ウォーターゲート事件の再来!?
トランプ降ろしが始まる可能性も

 米国では、今回のFBI長官解任を「ウォーターゲート事件」と比較する報道が見られる。

 「ウォーターゲート事件」を簡単に振り返ってみよう。時の大統領は、共和党のニクソンだった。彼が再選を目指す1972年の大統領選挙中、野党民主党の本部に盗聴器をしかけようとした5人の男が逮捕された。(民主党本部がウォーターゲート・ビルにあったことから、「ウォーターゲート事件」と呼ばれた)。

 そして、「盗聴器を仕掛けようとしたグループ」は、「ニクソン大統領再選委員会」の関係者であることがわかった。ニクソン大統領とホワイトハウスは、当初関与を否定したが、後に、実際は深く関わっていたことが明らかになってしまう。

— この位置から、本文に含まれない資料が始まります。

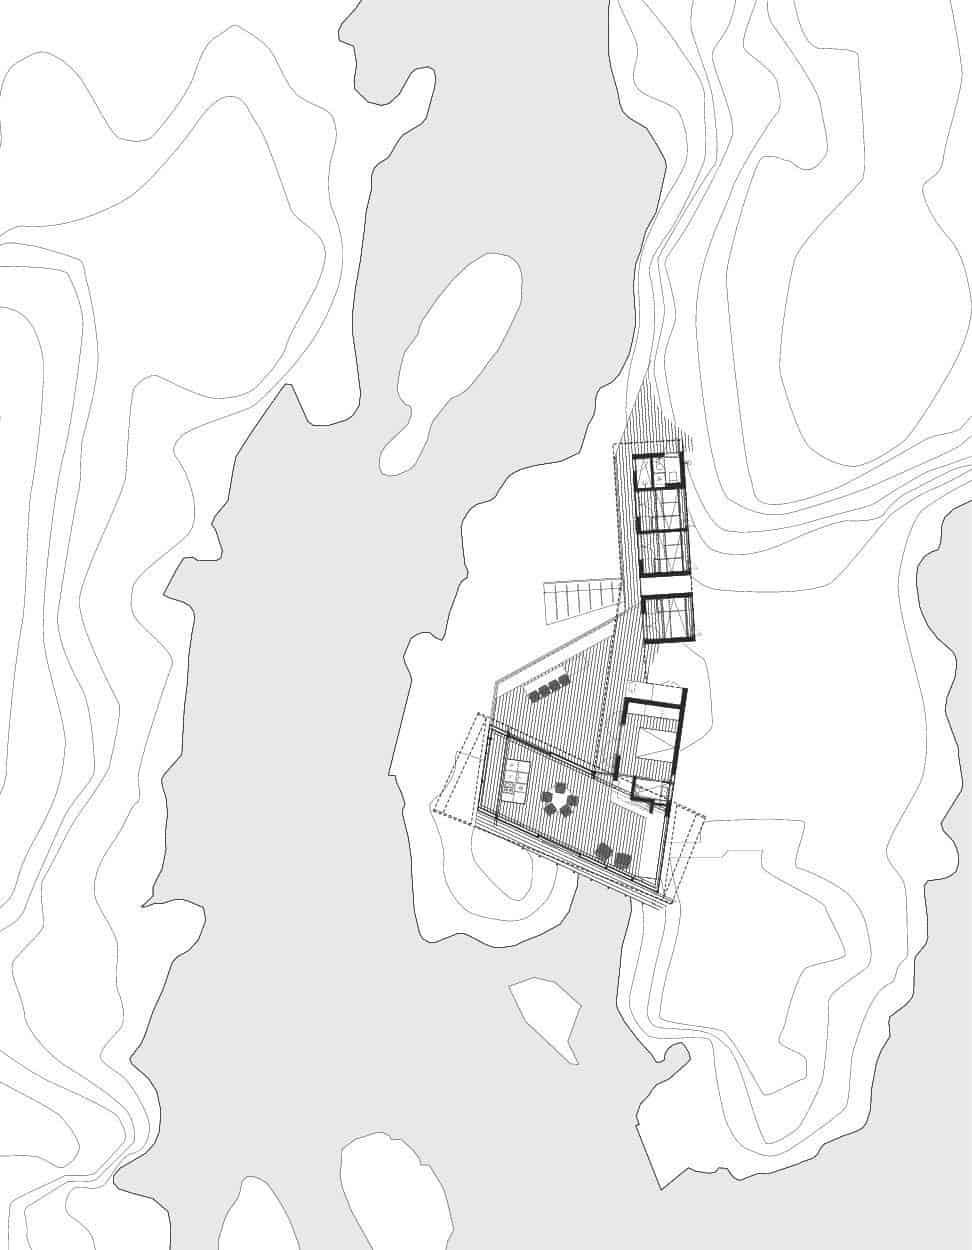 Lille Arøya by Lund Hagem (19)

 ニクソンは、事件を調査するために司法長官が指名した特別検察官を解任するなど、「捜査妨害」と見られる言動を繰り返した。
 
 具体的には、ニクソンはリチャードソン司法長官(当時)に、コックス特別検察官を解任するよう要求した。しかしリチャードソンは、これを拒否し、司法長官を辞任してしまう。するとニクソンは、ラッケルズハウス副長官に、「コックス解任」を命令。なんとラッケルズハウスも、これを拒否し、辞任した。結局、当時司法省ナンバー3の地位にあったロバート・ボークが、ニクソンの命令に従い、コックス氏を解任した。

 これでニクソン自身が、辞任に追いこまれることになったのだ。

 自身を捜査しようとしたFBI長官を解任したというトランプの行動は、どうしたってウォーターゲート事件を想起させる。真相はどうあれ、「ロシアゲートの捜査を妨害するためにコミー氏を解任した」と、ほとんどの人が思うだろう。トランプは、ニクソンと同じ失敗をしたのだ。

 そして、コミー氏が去ったからといって、FBIが捜査を止める保証はない。むしろ、野党民主党、共和党の反ロシア派はもちろん、トランプから「フェイクニュース」とバカにされているマスコミ(主にCNN、ABC、ニューヨーク・タイムズなど)、CIAなど諜報機関、ナショナリスト・トランプを嫌う国際金融資本などが、「もっと強力に捜査を進めるよう」FBIに圧力をかけるだろう。そして、何よりも、米国民が「トランプとロシアの真実」を知りたがる。

 5月11日、FBIのアンドリュー・マケイブ長官代行は、上院情報委員会で証言。マケイブ氏は、「ロシア疑惑の捜査は、極めて重要なので、今後も継続する」と約束した。また彼は、「職員の大多数は、コミー長官との間に深くポジティブな関係を築いていた」と語り、「コミー氏のせいで、FBIが大混乱に陥っていた」というトランプの説を一蹴した。

 トランプ自身が「火に油を注いだ」結果、「ロシアゲート」疑惑は、まだまだ続いていきそうだ。トランプには、ニクソンと同じ運命が待ち受けているのだろうか?一つ言えるのは、それを望む敵は多いということだ。